Thesis Defense, Lirui Wang. Robot Fleet Learning from Heterogeneous Data
Speaker
Lirui Wang
CSAIL MIT
Host
Lirui Wang
MIT
TALK: Thesis Defense: Robot Fleet Learning from Heterogeneous Data
Thesis Defense: Robot Fleet Learning from Heterogeneous Data
Speaker: Lirui Wang
In-person Location: 32-D463 (Star)
Zoom Link: https://mit.zoom.us/j/99424131532
Abstract:
One of the key roadblocks for training generalist robotic models today is heterogeneity. Previous robot learning methods often collect data to train with one specific embodiment for one task, which is expensive and prone to overfitting. Similar to humans, robots and embodied agents inherently have to deal with heterogeneous inputs and outputs due to the nature of the perception-action loops across diverse environments. The data format and distributions collected from these systems and used for training them are varied in different modalities such as color, depth, tactile, and proprioceptive information, and/or collected in different domains such as simulation, real robots, and human videos. Moreover, fleets of robots and machines ingest massive amounts of streaming data generated by interacting with their environments in a distributed fashion, and teams of robots shall co-acquire diverse skills through their experiences in varied settings.
The core idea behind my research, fleet learning, is to embrace the heterogeneous nature of robot learning to develop efficient and general algorithms. In this thesis, I will present a few angles toward tackling such challenging problems and application domains, ranging from tokenizing data, aligning representations, and merging policies, to composing skills. We develop insights and theories, often from linear settings, for how fleet learning can lead to more principled and effective use of robotic data and propose algorithmic progress, often through alignments, toward building generalist robotic foundation models.
Empirically, we show advanced robotic manipulation capabilities by leveraging data from multimodal sensory inputs and multiple domains. In addition to outperforming several previous state-of-the-art across simulation and real-world benchmarks, we develop intelligent systems for robotic applications such as package handling in warehouses as well as dexterous tool-use tasks that have applications such as manufacturing, logistics, and household robots.
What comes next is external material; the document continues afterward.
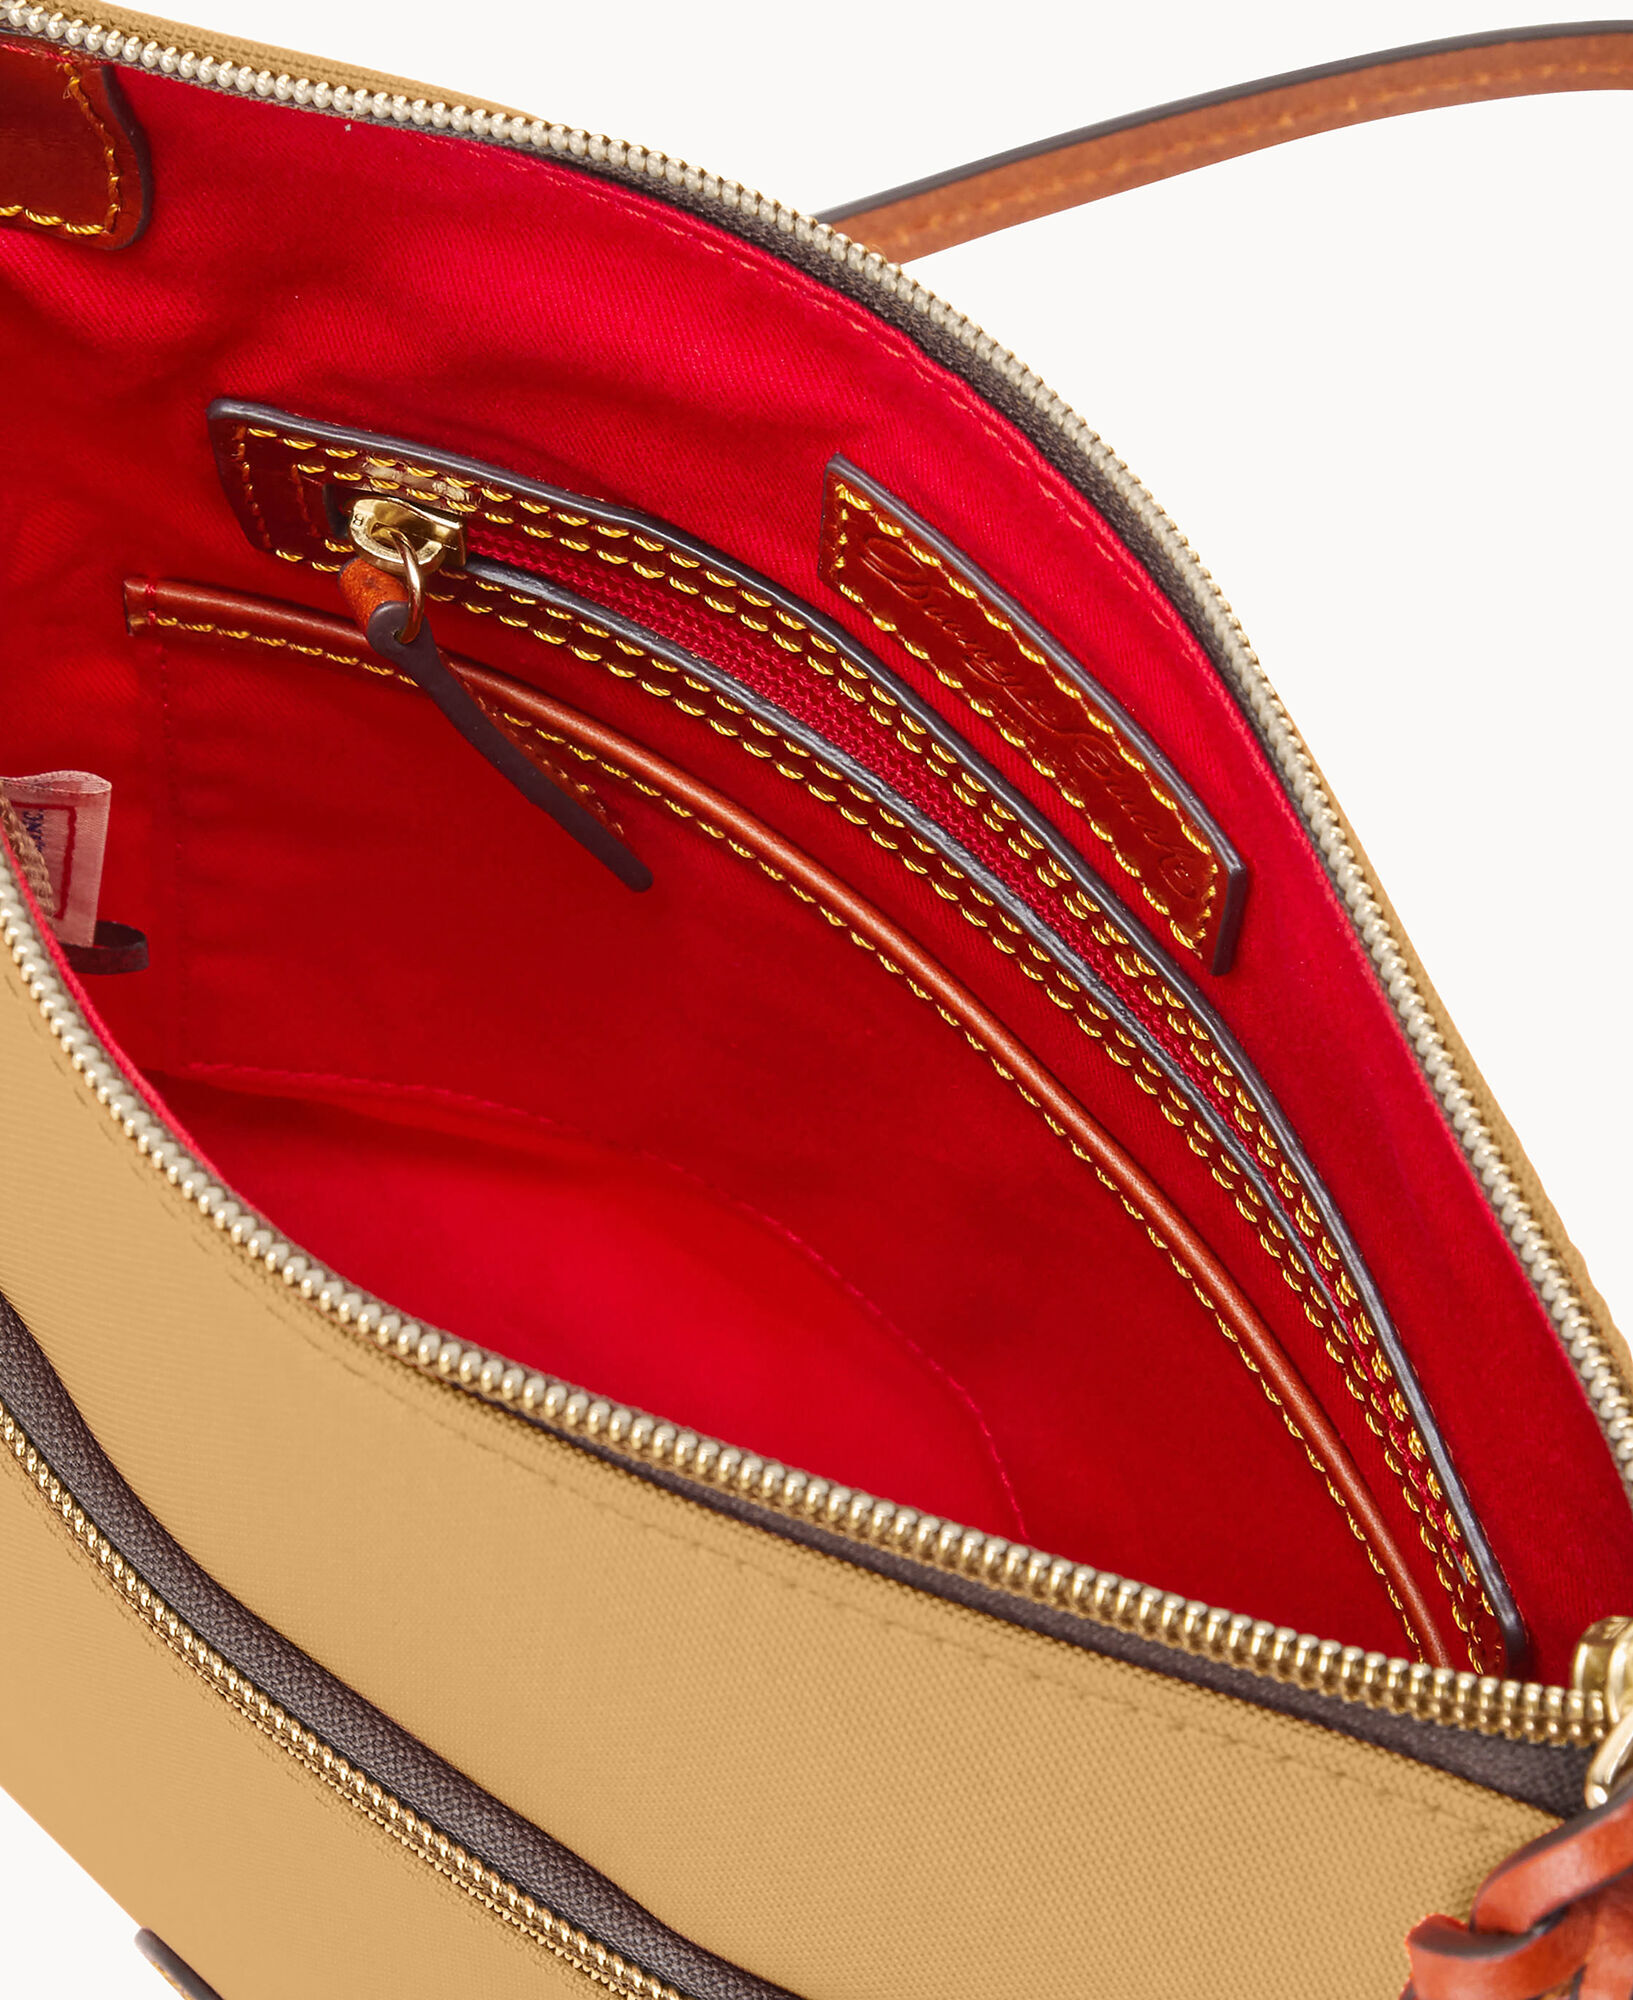 Dooney & Bourke Red Nylon Leather Trim Tote - Women's handbags

Thesis Defense: Robot Fleet Learning from Heterogeneous Data
Speaker: Lirui Wang
In-person Location: 32-D463 (Star)
Zoom Link: https://mit.zoom.us/j/99424131532
Abstract:
One of the key roadblocks for training generalist robotic models today is heterogeneity. Previous robot learning methods often collect data to train with one specific embodiment for one task, which is expensive and prone to overfitting. Similar to humans, robots and embodied agents inherently have to deal with heterogeneous inputs and outputs due to the nature of the perception-action loops across diverse environments. The data format and distributions collected from these systems and used for training them are varied in different modalities such as color, depth, tactile, and proprioceptive information, and/or collected in different domains such as simulation, real robots, and human videos. Moreover, fleets of robots and machines ingest massive amounts of streaming data generated by interacting with their environments in a distributed fashion, and teams of robots shall co-acquire diverse skills through their experiences in varied settings.
The core idea behind my research, fleet learning, is to embrace the heterogeneous nature of robot learning to develop efficient and general algorithms. In this thesis, I will present a few angles toward tackling such challenging problems and application domains, ranging from tokenizing data, aligning representations, and merging policies, to composing skills. We develop insights and theories, often from linear settings, for how fleet learning can lead to more principled and effective use of robotic data and propose algorithmic progress, often through alignments, toward building generalist robotic foundation models.
Empirically, we show advanced robotic manipulation capabilities by leveraging data from multimodal sensory inputs and multiple domains. In addition to outperforming several previous state-of-the-art across simulation and real-world benchmarks, we develop intelligent systems for robotic applications such as package handling in warehouses as well as dexterous tool-use tasks that have applications such as manufacturing, logistics, and household robots.